Fake Style

The latest Twitter phenomenon is FakeAPStylebook, an amusing take on guidelines to proper journalistic writing. Some tips include:

  • STAR WARS Episodes IV-VI are to be referred to as “The Original Trilogy.” Episodes I-III are not to be referred to at all.
  • Always capitalize Satan. You don’t want to get dead goats from those people.
  • The correct spelling is “Rocktober,” not “Roctober,” which is the month of giant birds.
  • Replace “situation deteriorated/worsened” with “shit [just] got real.” Ex: On day three of the hostage crisis, shit got real.

Amusing enough, but I have to admit that I originally read “Fake AP Stylebook” as “Fake APS Stylebook,” as if it were the (fake) American Physical Society rather than the (fake) Associated Press that was handing out advice. After all, the real APS is quite a bit quirkier than the AP; they insist that no article title begin with “The,” and for a while there they were insisting that “Lagrangian” be spelled “Lagrangean.” (Everyone has their quirks; Nature has banned the words “paradigm” and “scenario” from its pages entirely.)
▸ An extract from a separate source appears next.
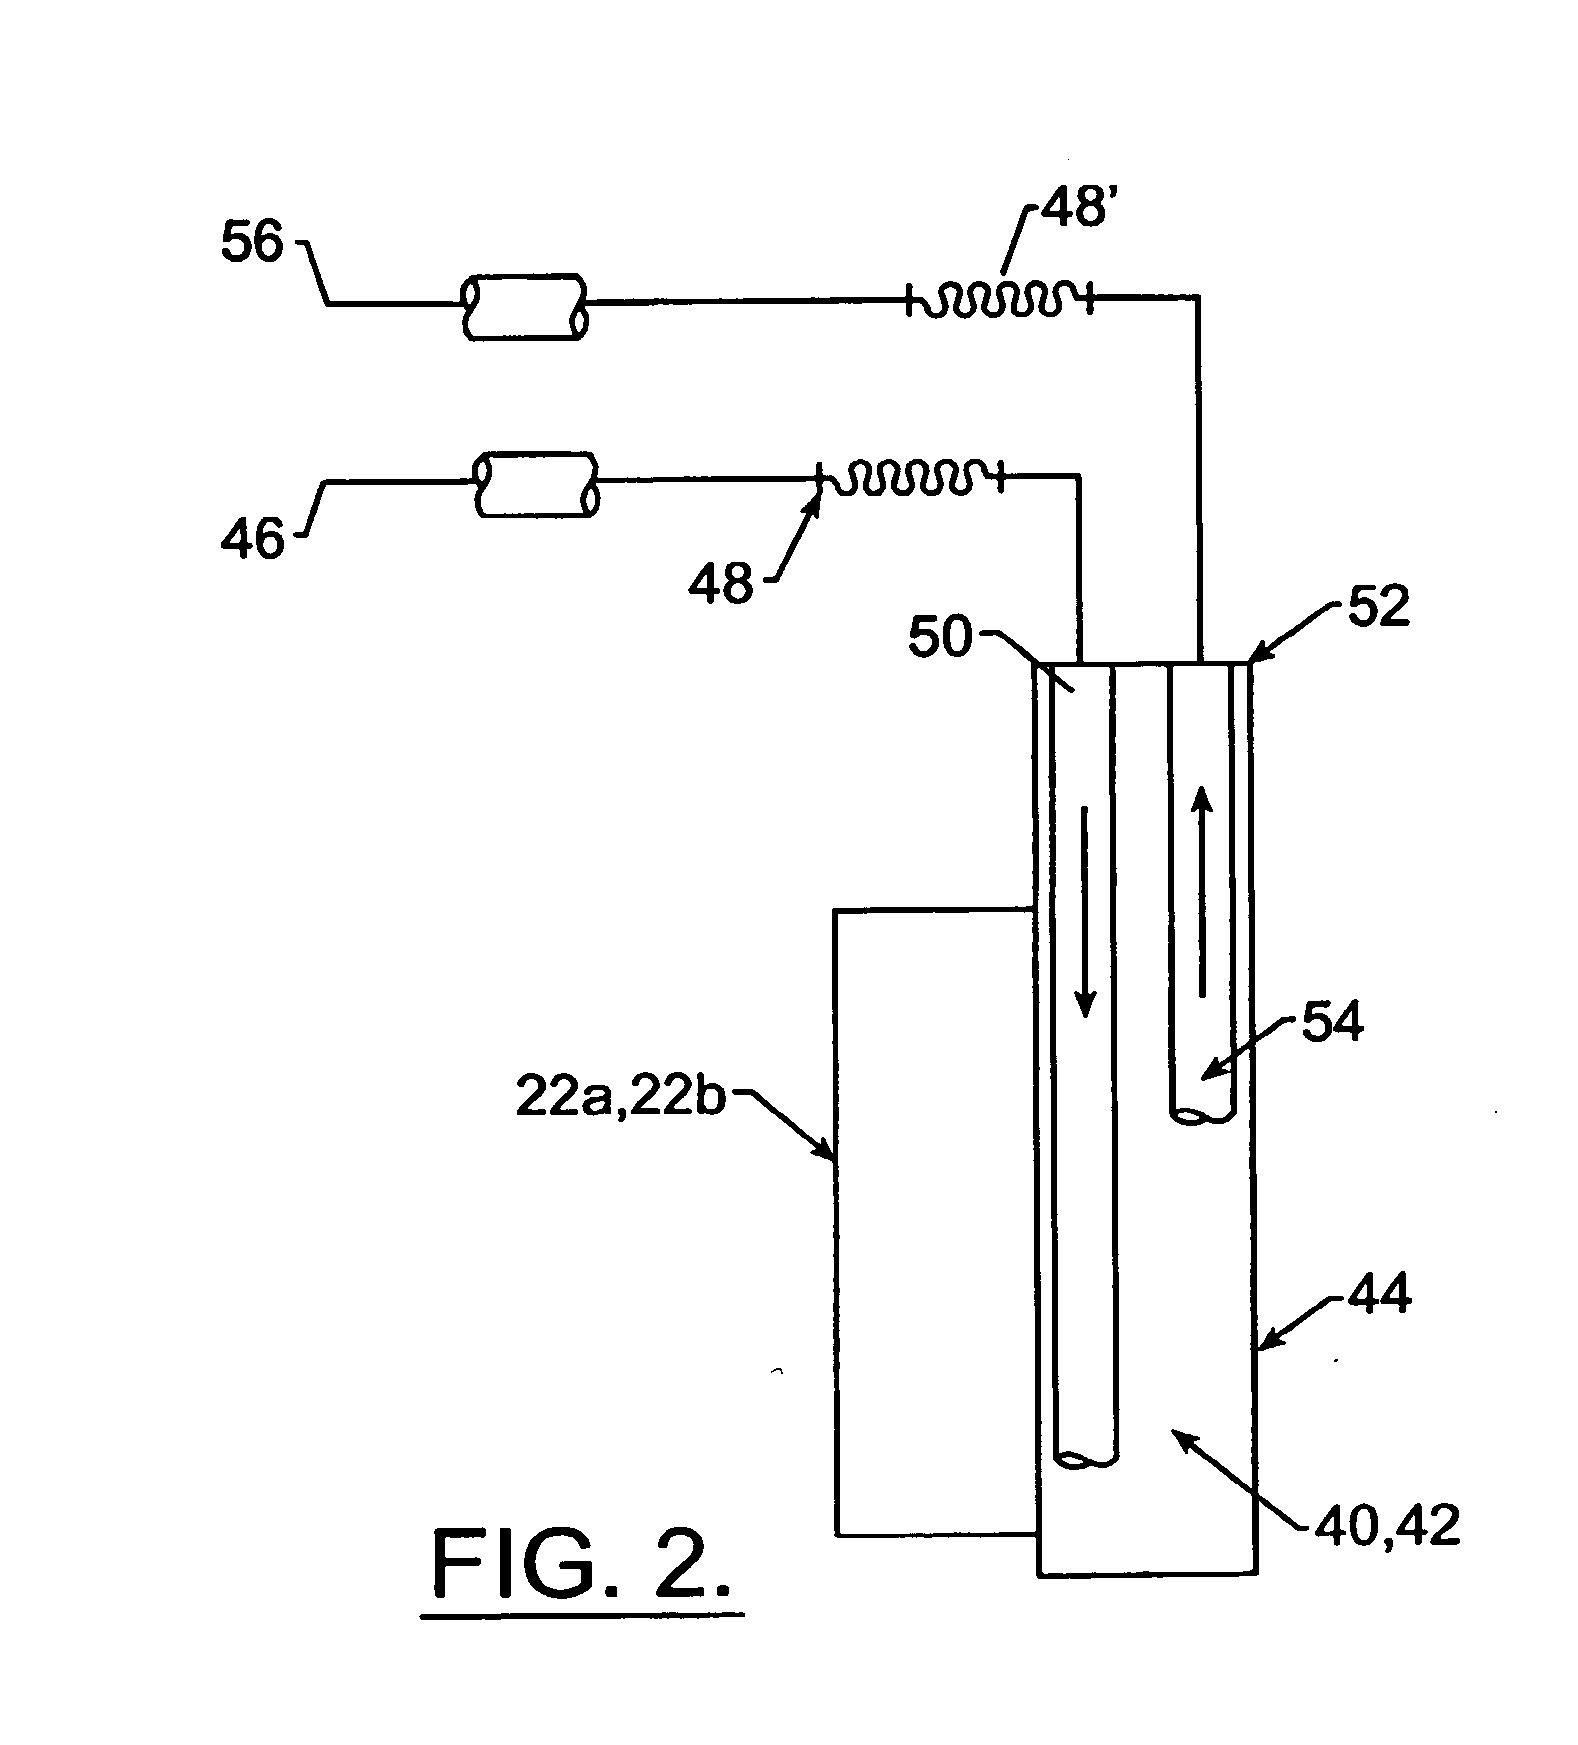 Method and apparatus to stress test medicament inhalation aerosol device by inductive heating

So I’m sure we can do better. Any good suggestions for improved physics style? I promise to tweet anything sufficiently amusing.

37 Comments

37 thoughts on “Fake Style”

  1. Personal annoyance: ban the expression ‘spectacular signature’ from phenomenology papers.

    As in ‘We propose a scenario in which 14TeV pp collisions lead to resonant pair production of fire-breathing unicorns. Our model has various spectacular signatures….’

  2. So Albion, you would prefer “shit just got complex”? Or “shit picked up a small imaginary part”? I like “throughout the process, shit remained holomorphic.”

  3. Low Math, Meekly Interacting

    Open papers with gratuitous and pedantic references of dubious relevance to obscure Greek philosophers: “According to Hippon of Samos, the universe was created in a water-born conflagration, but we now know from detailed observations of large-scale CMB anisotropies…”

  4. “Single author papers are not permitted to use the first person plural, except if the author is actually the Queen of England.”

    Phys Rev D actually has that policy. Take a look over there to see how ridiculous that looks. “I find that…..I have computed that….” It’s like reading Facebook.

  5. Sentences of the ilk of “It is widely, but erroneously claimed that…”; “Some authors have maintaned that…”; “It is an apparently intuitive, but erroneous supposition that…” must be immediately followed by one of the form: “I’m looking at you, Blague, Schnortz, and Weasle.”

  6. Whoops, forgot to sign off with “Cheers”.

    With me, it doesn’t mean I’m thanking the recipient, it means I’m going to follow the email with a glass of wine. What’s that? No, I don’t mean you’re about to get a glass of wine in your inbox…

    Cheers,

    Howard

  7. Fermi-Walker Public Transport

    Abridged abstracts should be strongly discouraged. Whats the point of witing a very long abstract
    that gets cut down in the editorial process. Have seen these in some astronomy journals.

  8. Sean — I have to confess, the holomorphic line is great.

    Pieter — I think I’d reserve “pimped out” for sufficiently flashy and ornate models. SJGR should work for 3-loop calculations or data, in the right context.

    I’m pretty sure that “we’d like to thank your sister *and* your mother” is forbidden by APS style rules, but allowed in JHEP.

  9. Well, we can start by distancing ourselves from all the black/dark references in physics.

    For black hole, call it a relativity quagmire
    For dark energy, call it universal compensator
    For dark matter, perhaps exotic matter with pasties (ok, you can leave the pasties part out of it if you really insist)
    As for brown dwarfs, well, d-list stars might be more apt as a name

  10. Scientific papers could use more “dude”. For instance, we could replace QED with
    “Duuuude!”

    Also useful as a single word caption for a particularly pretty picture for which you cannot otherwise find a true use.